Using the LangChain Record Manager API allows efficient tracking of which documents need to be added to or updated in the vector store, making the ingestion process more robust and avoiding unnecessary duplication work.
Finally, we perform query analysis on followup chat conversations. It is important to note that we only do this for followups, and not initial questions. Let's break down the reasoning here:
Users are not always the best prompters, and can very easily miss some context or phrase their question poorly. We can be confident that the LLM will not make this mistake. Additionally, given a chat history (which is always passed in context to a model) you may not need to include certain parts of the question, or the reverse, where you do need to clarify additional information.
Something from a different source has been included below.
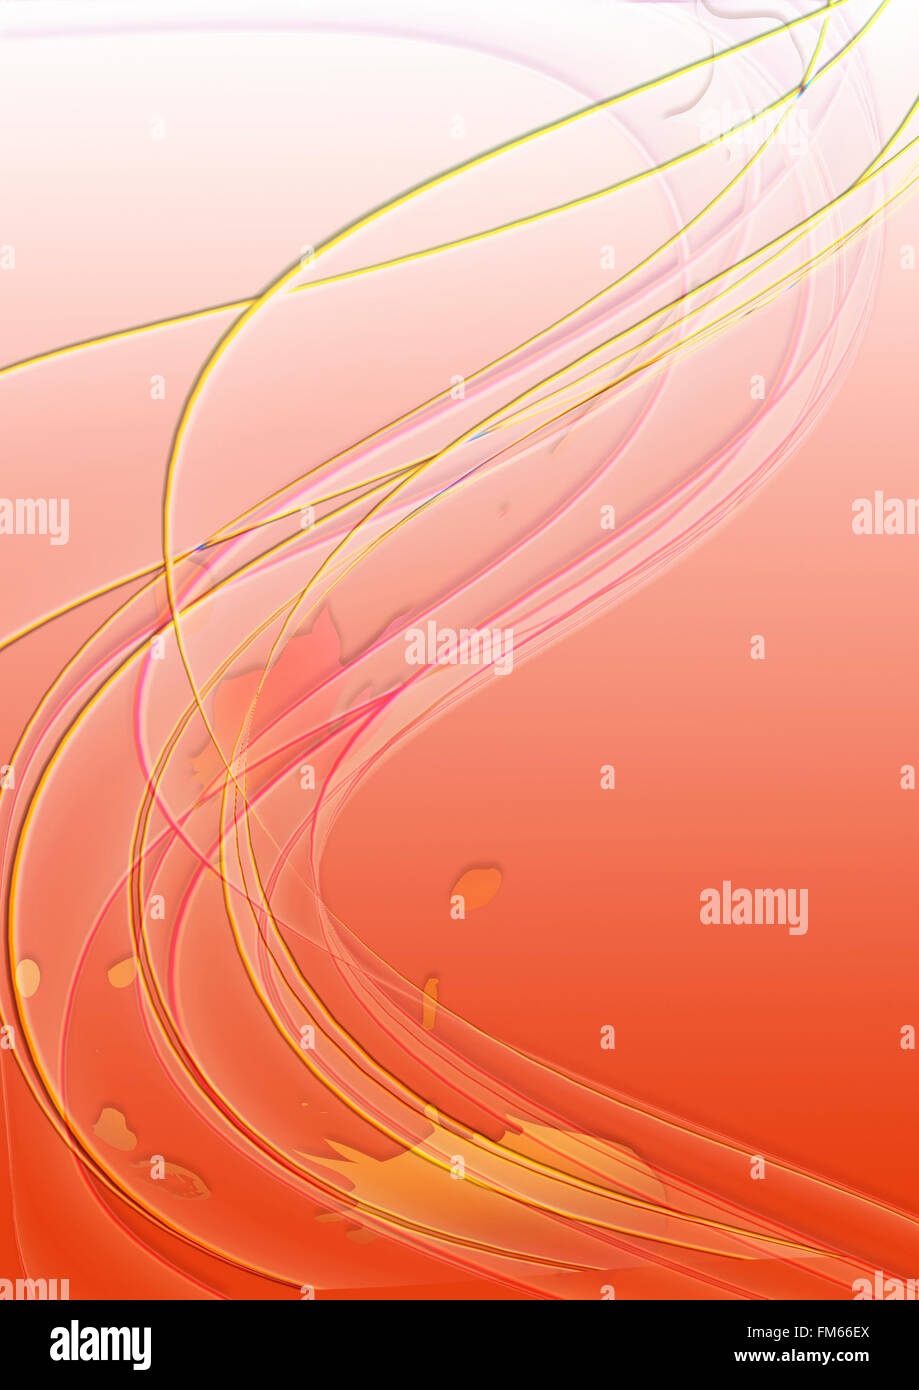 Transparente Wellen und dünne Streifen auf orangem Hintergrund Stockfoto

Doing all this helps make better formed questions for the model, without having to rely on the user to do so.
Lastly, we don't perform this on the initial question for two main reasons:
- Speed: Although models are getting faster and faster, they still take longer than we'd like to return a response. This is even more important for the first question, as the chat bot hasn't proved its usefulness to the user yet, and you don't want to lose them due to speed before they've even started.
- Context: Without a chat history, the model is lacking some important context around the users question.
Most users won't format their queries perfectly for LLMs, and that's okay! To account for this, we have an extra step before final generation which takes the users query and rephrase it to be more suitable for the LLM.
The prompt is quite simple:
REPHRASE_TEMPLATE = """\
Given the following conversation and a follow up question, rephrase the follow up \
question to be a standalone question.
Chat History:
{chat_history}
Follow Up Input: {question}
Standalone Question:"""
In doing this, the language model is able to take the users question, and the full chat history which contains other questions, answers and context, and generate a more well formed response. Now using this rephrased question, we can perform a similarity search on the vector store using this question, and often times get back better results as the question is semantically more similar to the previous questions/answers (content the database).